A glint of amusement passed through Orion's eyes. He clearly read the thought behind the nod.

The conversation circled back to Sirius.

"Where do you think Sirius should direct his efforts?" Orion asked.

Regulus barely paused. "Transfiguration. He has the talent for it."

Orion considered this, nodded, and said nothing more.

He waved a hand. "First night home. Get some rest. Go."

---

Regulus walked along the corridor toward his room. As he passed Sirius's door, his magical perception caught the anomaly.

A human-shaped outline made of magical energy pressed flat against the inside of the door.

Young wizards couldn't properly regulate their magic, and in Regulus's perception, it blazed like a beacon. 

As footsteps drew near, the outline went rigid. All movement ceased, a clumsy attempt to project the impression that no one was inside.

Regulus stopped and knocked.

Silence behind the door. Then it cracked open.

Sirius stood there, expression caught somewhere between guilt and forced nonchalance. The act was terrible. A twitch at the corner of his mouth betrayed the embarrassment underneath.

"What do you want?" His voice was deliberately flat.

Regulus looked at him. "Not going to invite me in?"

Sirius pressed his lips together, then dropped his gaze and stepped aside.

Regulus walked in, eyes sweeping the room.

Two cups of tea sat on the desk, still steaming, positioned with a precision that was anything but careless.

He glanced back at Sirius.

Sirius turned his face away, staring at a Quidditch team poster on the wall.

It had been years since Regulus last set foot in here. Once the rift between Sirius and the family deepened, this bedroom became the only territory in Grimmauld Place that belonged to him, or at least he believed it did. He'd stopped letting Regulus in. No invitations, nothing shared, as if drawing a line in the sand.

This was Gryffindor Sirius's domain. No place for the Black family heir.

He wanted to keep this space pure, untouched by the suffocating atmosphere of the household.

Regulus said nothing. He walked to the desk, picked up one of the cups, and took a sip.

The temperature was perfect. Sweetened with honey. The way Sirius liked it.

The gesture said everything. I know you were waiting for me. I know this cup was meant for me.

Sirius went stiffer still. Hands shoved in his pockets, he stayed rooted by the door.

Regulus waited.

A storm of thoughts churned behind Sirius's eyes. He didn't know how to categorize Regulus.

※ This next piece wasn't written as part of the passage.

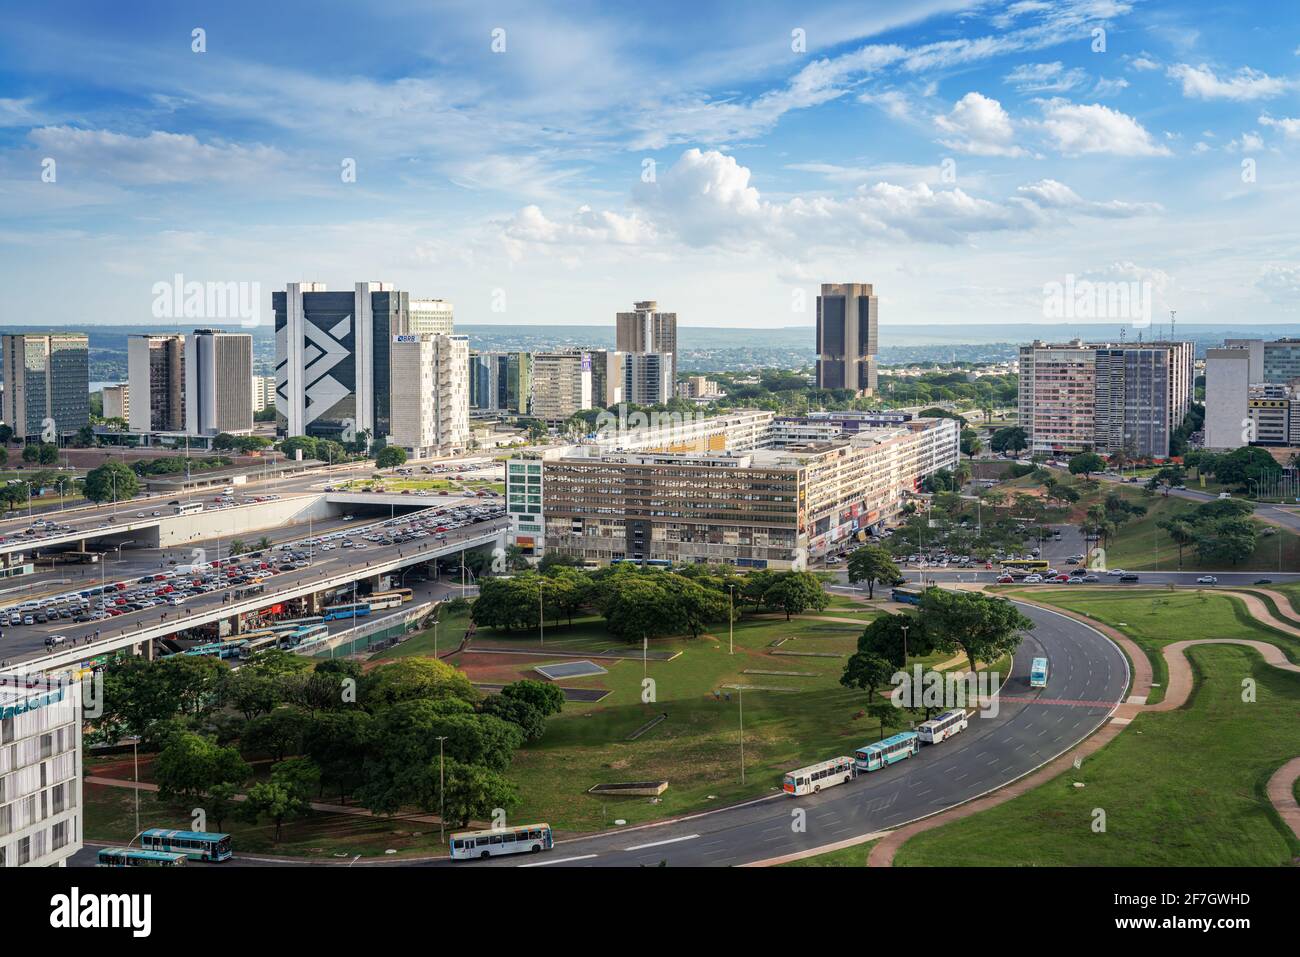 Vista aerea del settore Brasilia e South Banking - Brasilia, Distrito Federal, Brasile Foto Stock

An enemy? No. They shared blood.

Family? That didn't fit either. Regulus walked a completely different path, one that led toward Pure-blood glory, toward a future Voldemort might rule.

Sirius understood with painful clarity that Regulus would inherit the Black family and stand with the Pure-blood faction. In some blurred vision of the future, that meant they might end up on opposite sides. Wands aimed at each other across a battlefield.

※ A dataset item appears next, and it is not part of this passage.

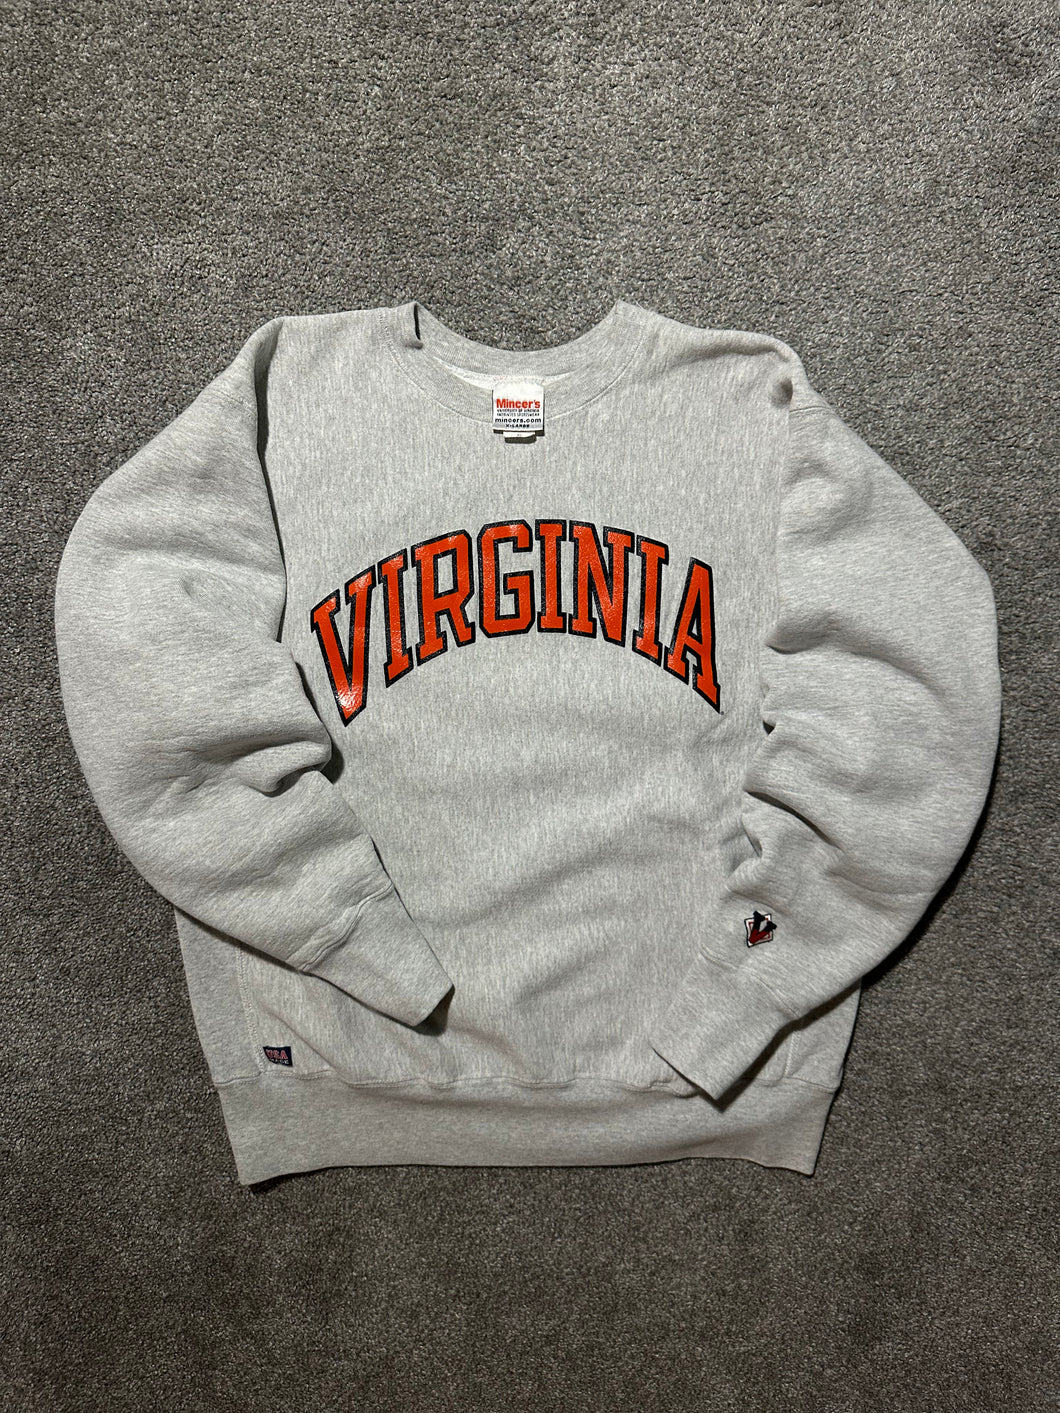 Vintage Virginia Cavaliers Reverse Weave Style Sweatshirt (L/XL)

And yet Regulus was still his brother. The person he refused to acknowledge but who occupied space in a part of his mind still labeled family. The figure his gaze sometimes tracked during dinner in the Great Hall. The name that made his ears sharpen whenever someone mentioned the younger Black son.

The contradiction gnawed at him.

Sirius wasn't stupid. Back in the quiet of his room, he'd worked out the purpose behind what happened tonight. Regulus hadn't hit him without reason. Orion hadn't made him watch that duel for nothing.

They'd delivered the message in the most direct way possible: strength matters. Without it, you get hurt.

Walk whatever path you want. That's your choice. But you'd better be able to protect yourself.

Because next time, the one who raises a hand against you might be an enemy.

These thoughts circled several times before Sirius drew a deep breath and finally spoke.

"How did you do it?"

The question hung in the air, and he braced for dismissal. Pure-blood families hoarded secrets, ancient traditions, forbidden knowledge, blood magic. None of it was shared freely, not even with other members of the family.

Regulus could easily deflect with talk of family confidentiality or some other excuse.